Duizenden bodemmonsters
Voor dit onderzoek analyseerden Compton en collega’s de gegevens van zeventien jaar aan bodemmonsters uit de droogvallende delen van het westelijke deel van de Waddenzee. Op bijna 15-duizend hectare wadbodem werd tussen 1997 en 2014 ieder jaar in de zomer met een steekbuis een monster uit duizenden stukken bodem gestoken. Zowel in de bovenste vier centimeter als in het deel daaronder werden de nonnetjes geteld.

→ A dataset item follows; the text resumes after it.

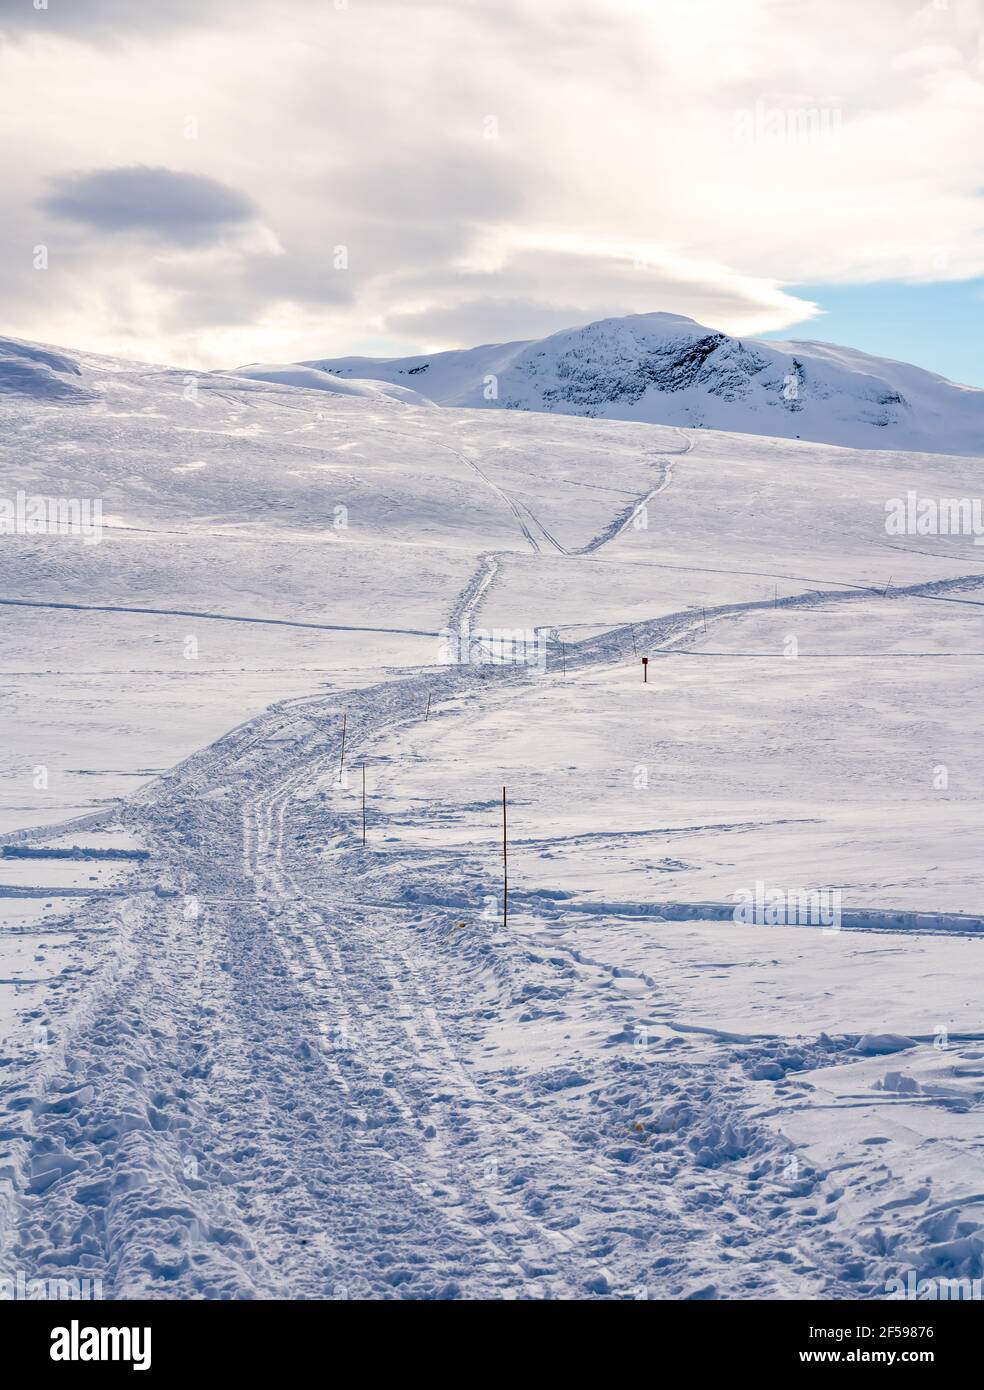 An einem kalten Wintertag können Sie auf den Skipisten in einer schneebedeckten Bergebene Ski fahren. Stockfoto
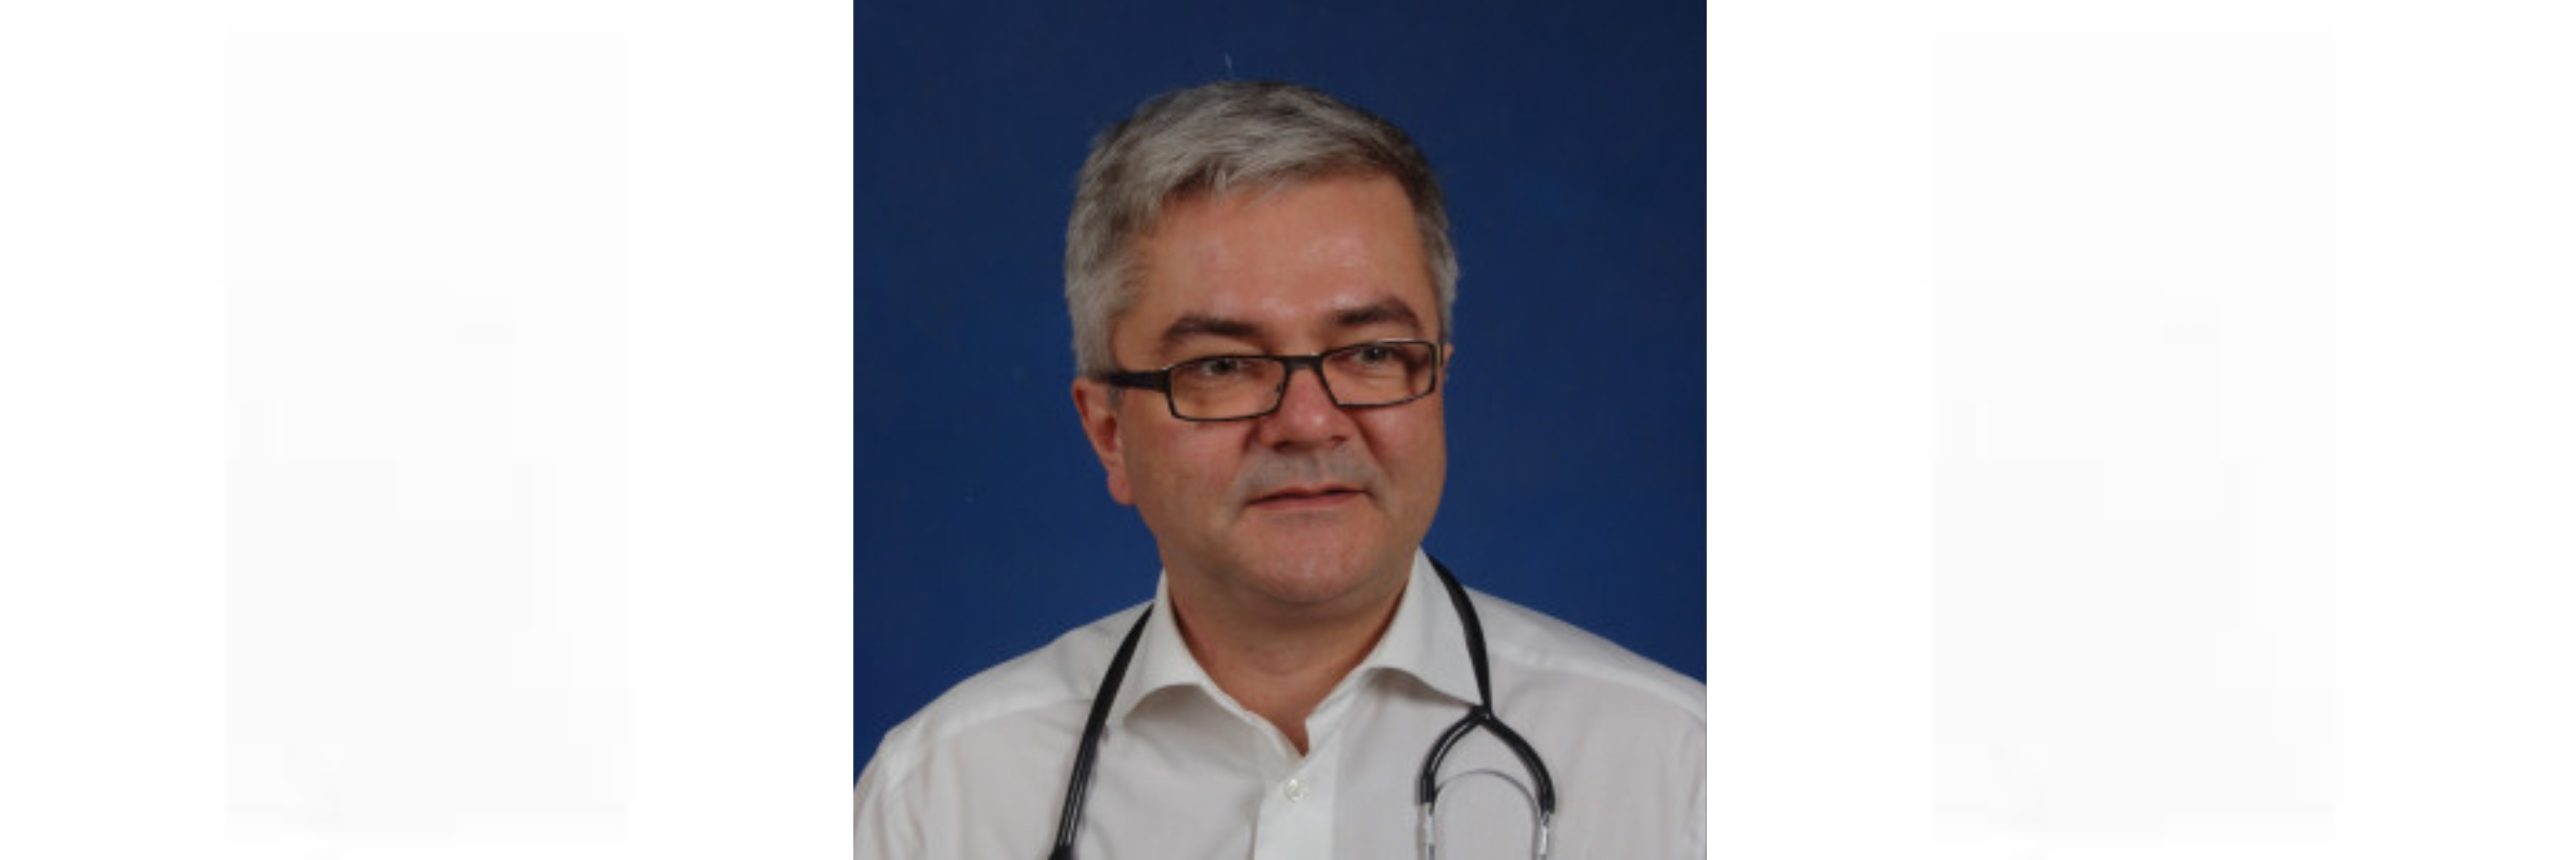 Ο Dr Andrzej Fal, καθηγητής στο Department of Allergy, Pulmonary Medicine and Internal Diseases στο National Institute of Medicine of Interior Warsaw, στην Πολωνία

Ook werden hun gewicht en grootte bepaald.
Veilige diepte
Nonnetjes (Macoma balthica) graven zich in en steken vervolgens een soort ‘slurfje’ (de zogenoemde sifo) boven de bodem uit om daarmee algen op te zuigen vanaf het bodemoppervlak of uit het langsstromende water. Hoe hoger de schelpdieren in de wadbodem zitten, hoe makkelijker ze bij hun voedsel komen. Maar hoe dieper de schelpen zitten, hoe veiliger ze zijn voor vogels als kanoeten, die graag nonnetjes eten. Kanoeten kunnen geen schelpen pakken die dieper zitten dan vier centimeter.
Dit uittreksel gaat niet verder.